We find a handful of multi-copy Y gene families that have dozens of gene copies on the Y (six gene families have more than 30 copies, and 14 gene families have >15 copies; Figure 2B, Figure S3), while the vast majority of multi-copy Y gene families only have a few copies (90% of multi-copy Y gene families have fewer than 4 copies). Gene expression and chromatin analysis suggest that different evolutionary forces drive the accumulation of low versus high-copy number multi-copy Y gene families.
Multi-copy Y gene families with a high copy number (i.e. >15 copies) are expressed almost exclusively in testis (Figure 2A, Figure S3), mimicking patterns of gene family amplification of male fertility genes found in other species (Skaletsky et al. 2003; Bellott et al. 2010; Cortez et al. 2014). Their neo-X homologs, in contrast, are expressed predominantly in ovaries (Figure S3), and sex-linkage may have enabled neo-Y and neo-X gametologs to specialize in their male-and female specific function, respectively (Rice 1984). Most multi-copy Y gene families, in contrast, only have few copies and are ubiquitously expressed (Figure 2A). Consistent with gene dosage contributing to increased copy number on the Y, we find that the neo-X homologs of multi-copy Y genes are less likely to be dosage compensated compared to single-copy Y genes (Figure 2C, p-value Fisher’s exact test = 0.007). In particular, male Drosophila achieve dosage compensation by recruiting the MSL-complex to their hemizygous X chromosome (Lucchesi and Kuroda 2015), and we find that neo-X homologs of multi-copy neo-Y genes are less likely to be targeted by the MSL complex than the neo-X homologs of single-copy neo-Y genes (Figure 2C). This suggests that multi-copy Y genes are dosage sensitive, and additional gene copies on the Y contribute to dosage compensation.

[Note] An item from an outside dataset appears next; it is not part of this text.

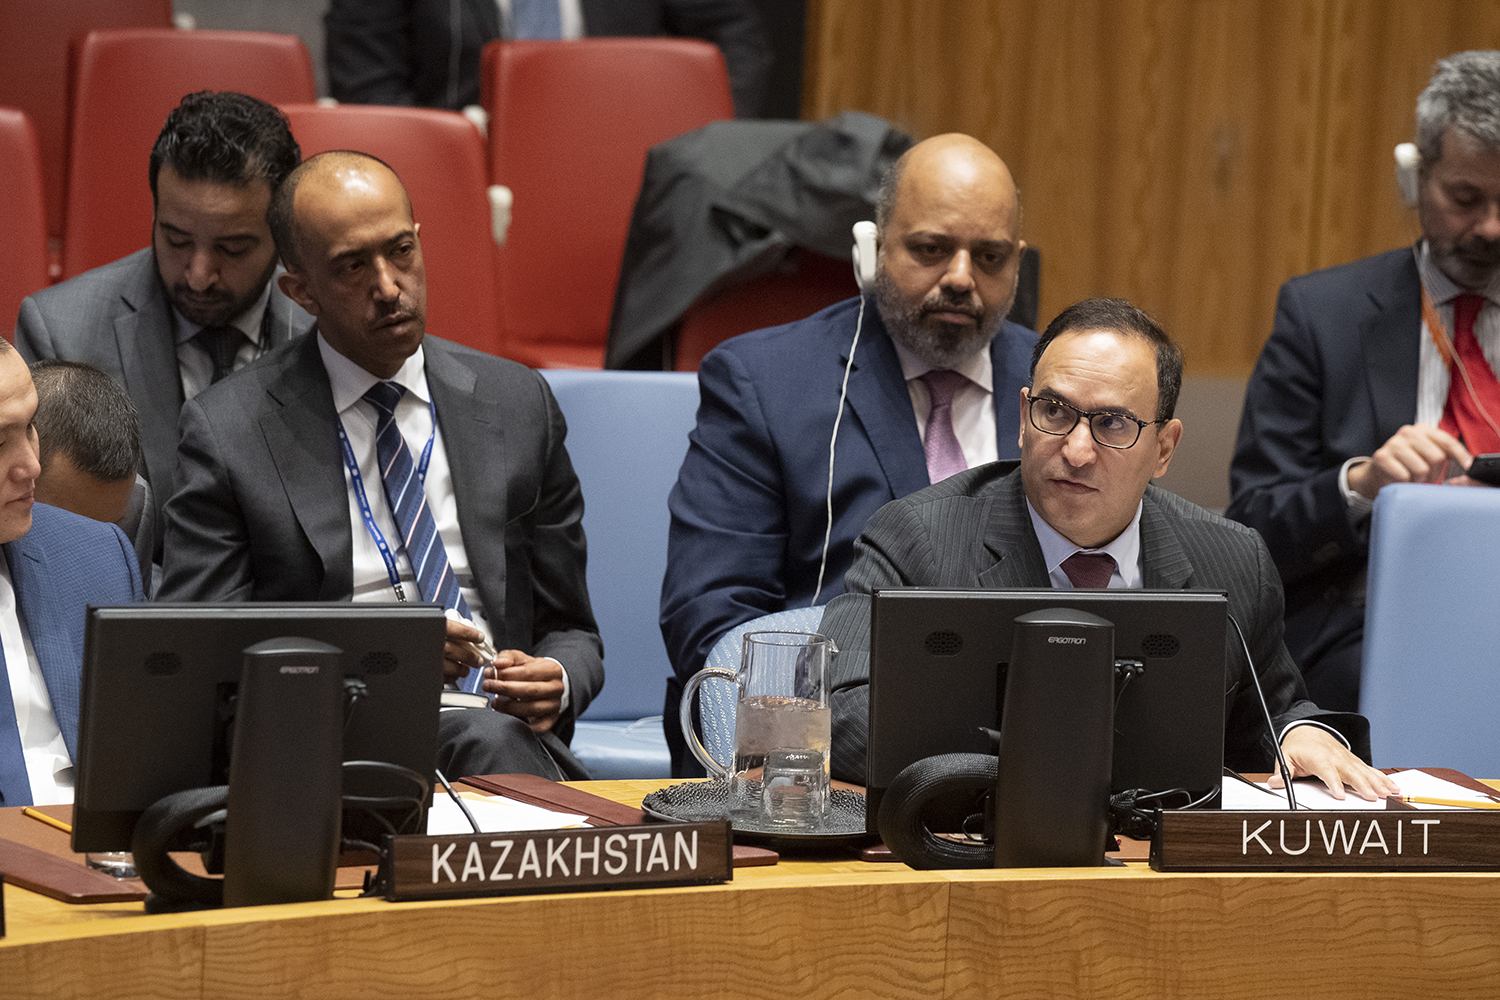 Permanent Representative to the UN, Ambassador Mansour Al-Otaibi addresses the Security Council session to discuss the situation in Yemen

X/Y co-amplified genes reveal ongoing conflict over sex chromosome transmission
Genes that co-amplify on the X and Y chromosome, on the other hand, show testis-biased expression, independent of copy number (Figure 2D). Functional enrichment patterns and short RNA expression profiles suggest that fundamentally different forces drive their co-amplification on the X and Y chromosome (Figure 3). In particular, Y chromosomes compete with the X over transmission to the next generation (Frank 1991; Jaenike 2003), and sex chromosomes may try to cheat fair meiosis to bias their representation in functional sperm (i.e. meiotic drive). Meiotic drive on sex chromosomes, however, reduces fertility and distorts population sex ratios (Jaenike 2003), and creates strong selective pressure to evolve suppressors to silence selfish drivers. The RNAi pathway has been implicated to mediate suppression of sex chromosome drive in Drosophila (Tao et al. 2007a; b; Lin et al. 2018).

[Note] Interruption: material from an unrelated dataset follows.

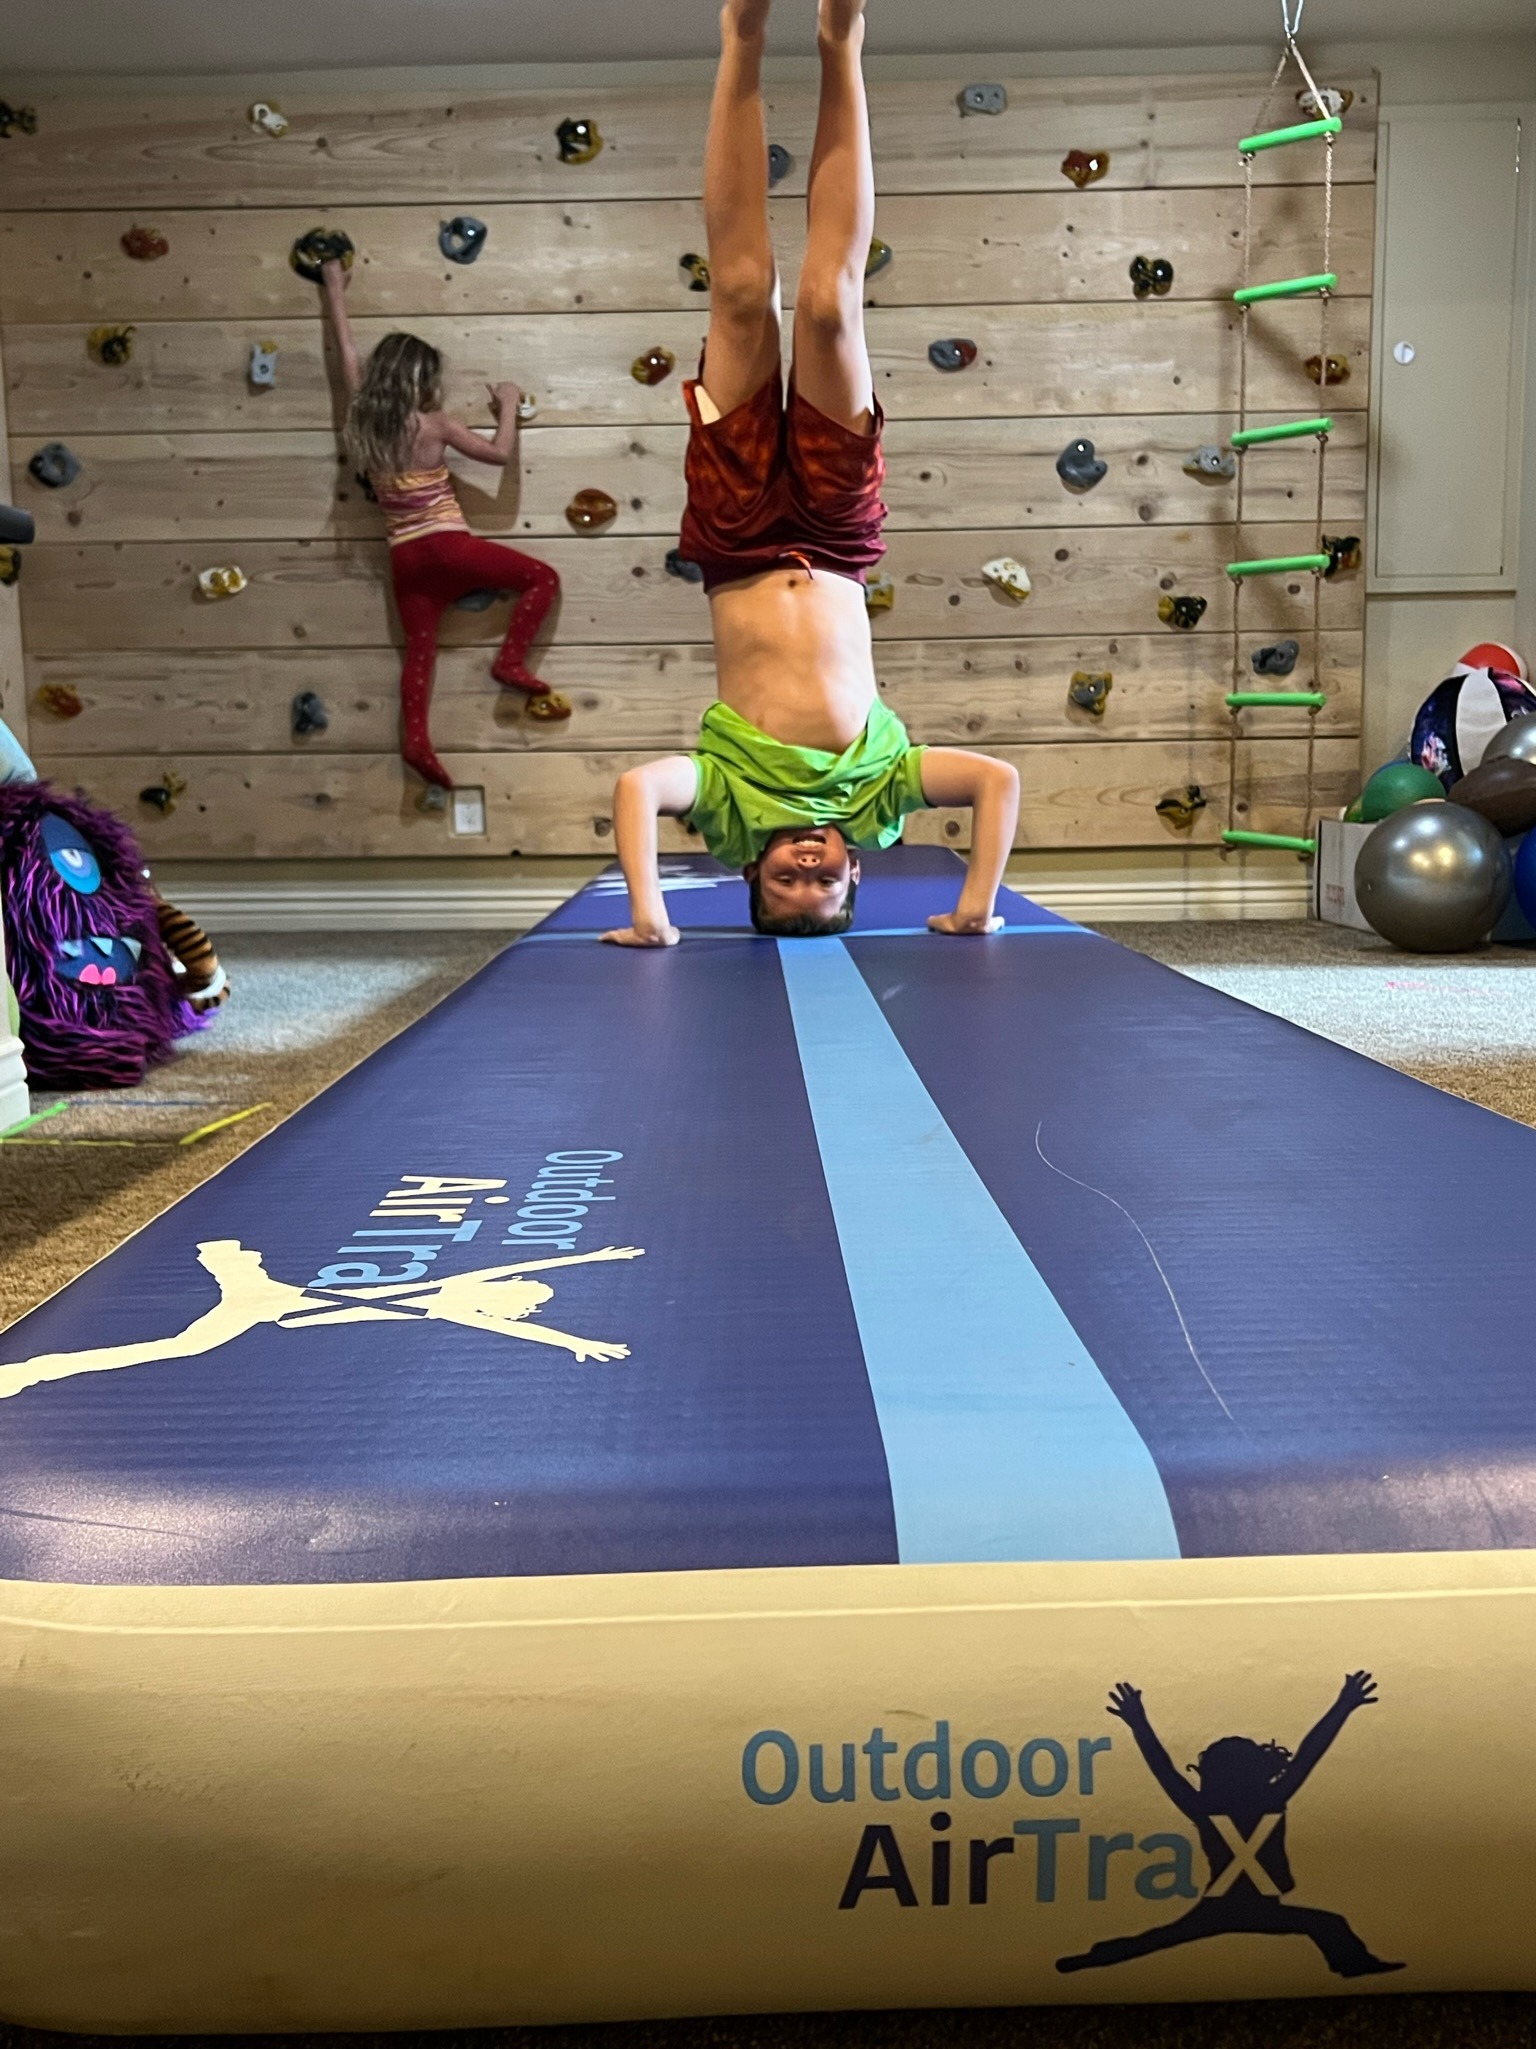 man does head stand on Outdoor Air track

Overall, we identify 2683 co-amplified genes on the neo-sex chromosomes of D. miranda from 94 distinct proteins (2036 genes amplified on the Y/neo-Y, and 647 on the X/neo-X). Co-amplified X and Y-linked gene copies are typically both highly expressed in testis (Figure 2D, Figure 3D; Figure S3, S4). Testis expression of co-amplified X-linked genes is unusual, as testis-genes in Drosophila normally avoid the X chromosome (Sturgill et al. 2007), but can be understood under intragenomic conflict models (Tao et al. 2007a; b; Mueller et al. 2008; Meiklejohn and Tao 2010; Mueller et al. 2013). In particular, an X-linked gene involved in chromosome segregation may evolve a duplicate that acquires the ability to incapacitate Y-bearing sperm (Figure 1C). Invasion of this sex-ratio distorter skews the population sex ratio and creates a selective advantage to evolve a Y-linked suppressor that is resistant to the distorter. Suppression may be achieved at the molecular level by increased copy number of the wildtype function or by inactivation of X-linked drivers using RNAi (Tao et al. 2007a; b; Lin et al. 2018). If both driver and suppressor are dosage sensitive, they would undergo iterated cycles of expansion, resulting in rapid co-amplification of both driver and suppressor on the X and Y chromosome (Jaenike 2003)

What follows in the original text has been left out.